⟨

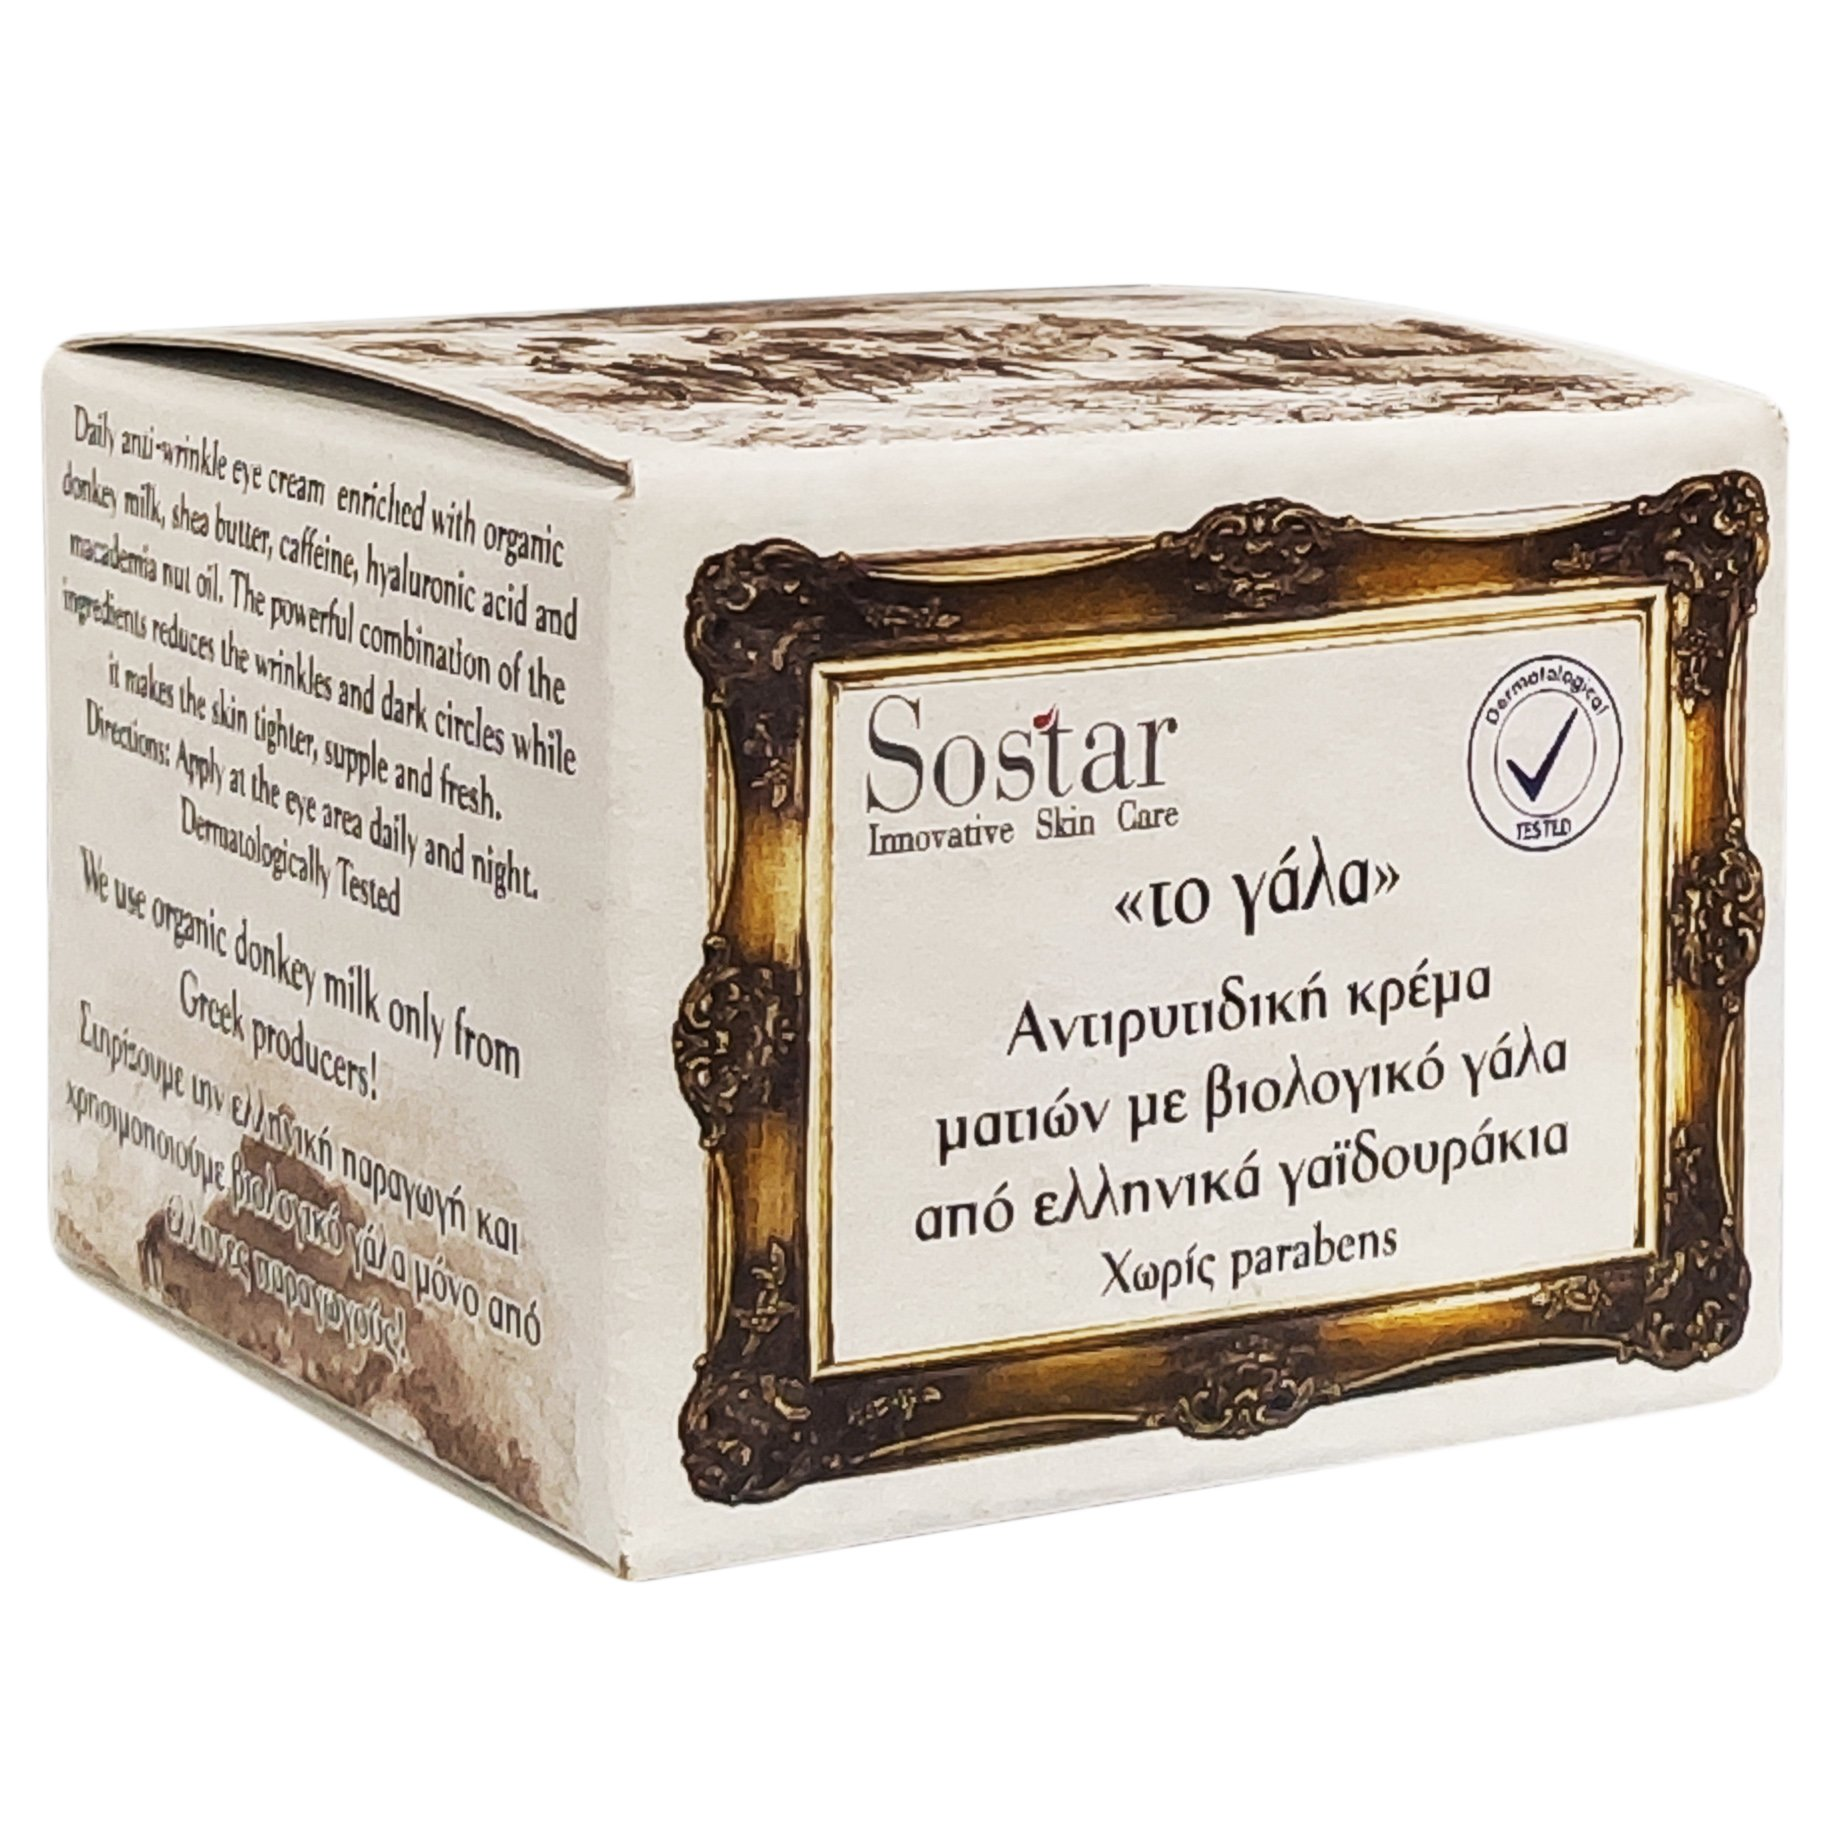 Sostar Αντιγηραντική Κρέμα Ματιών με Γάλα Γαιδούρας 30ml
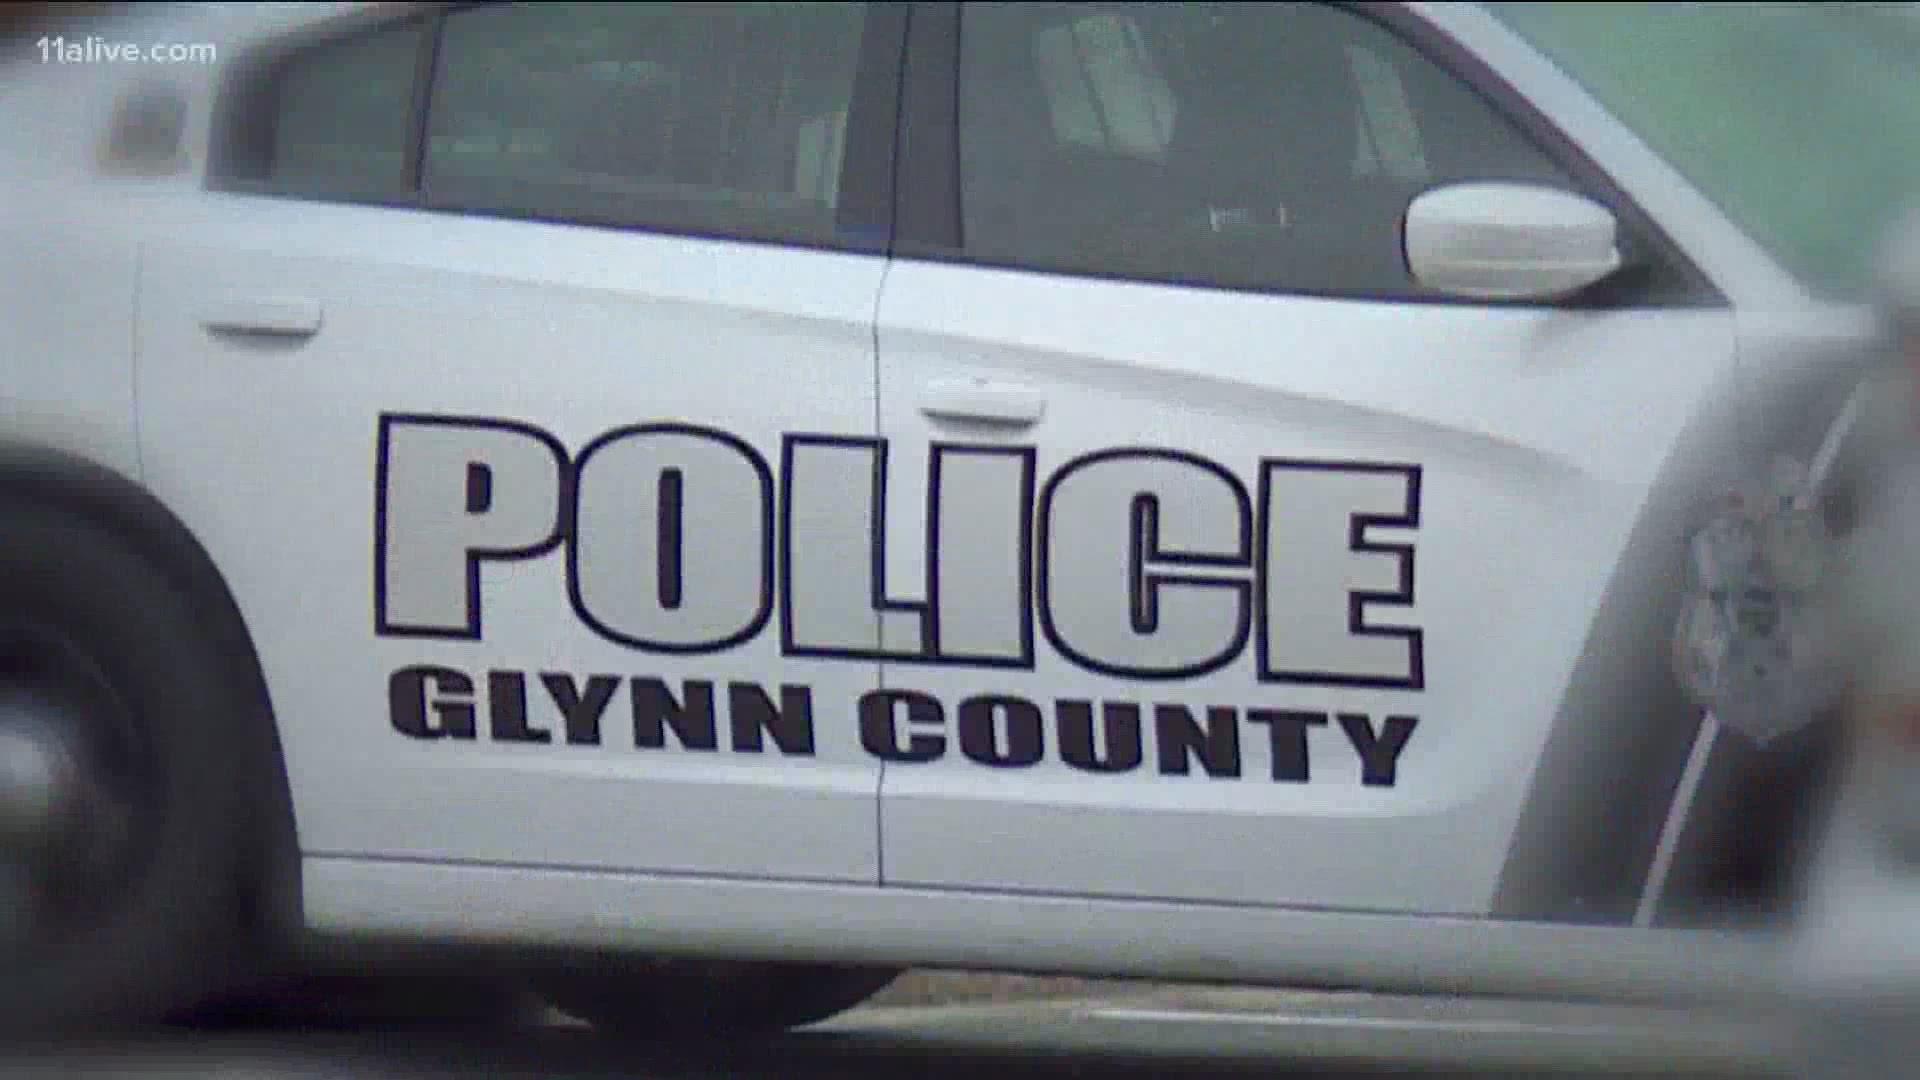 Glynn County Police under fire in wake of Ahmaud Arbery case ...
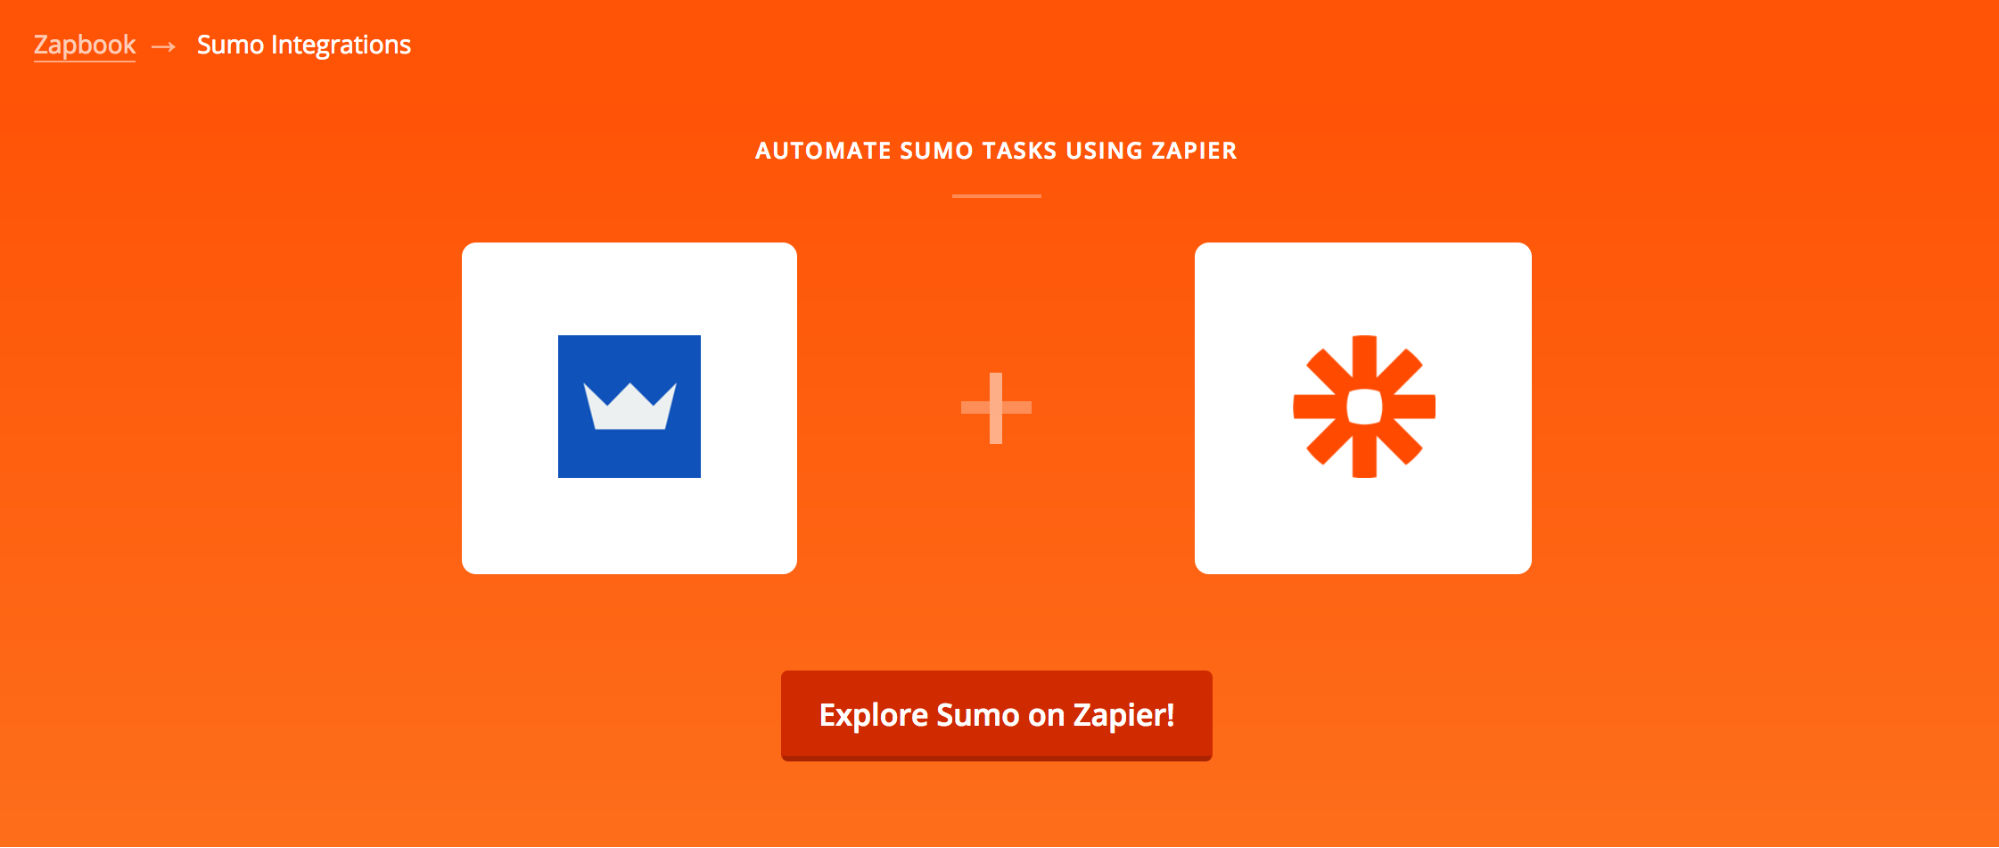 Screenshot showing Sumo + Zapier integration image

⟩

| Assignment |
Repeat the data exactly as written, but without the pictures.

| Completed exercise |
 Sostar Αντιγηραντική Κρέμα Ματιών με Γάλα Γαιδούρας 30ml
 Glynn County Police under fire in wake of Ahmaud Arbery case ...
 Screenshot showing Sumo + Zapier integration image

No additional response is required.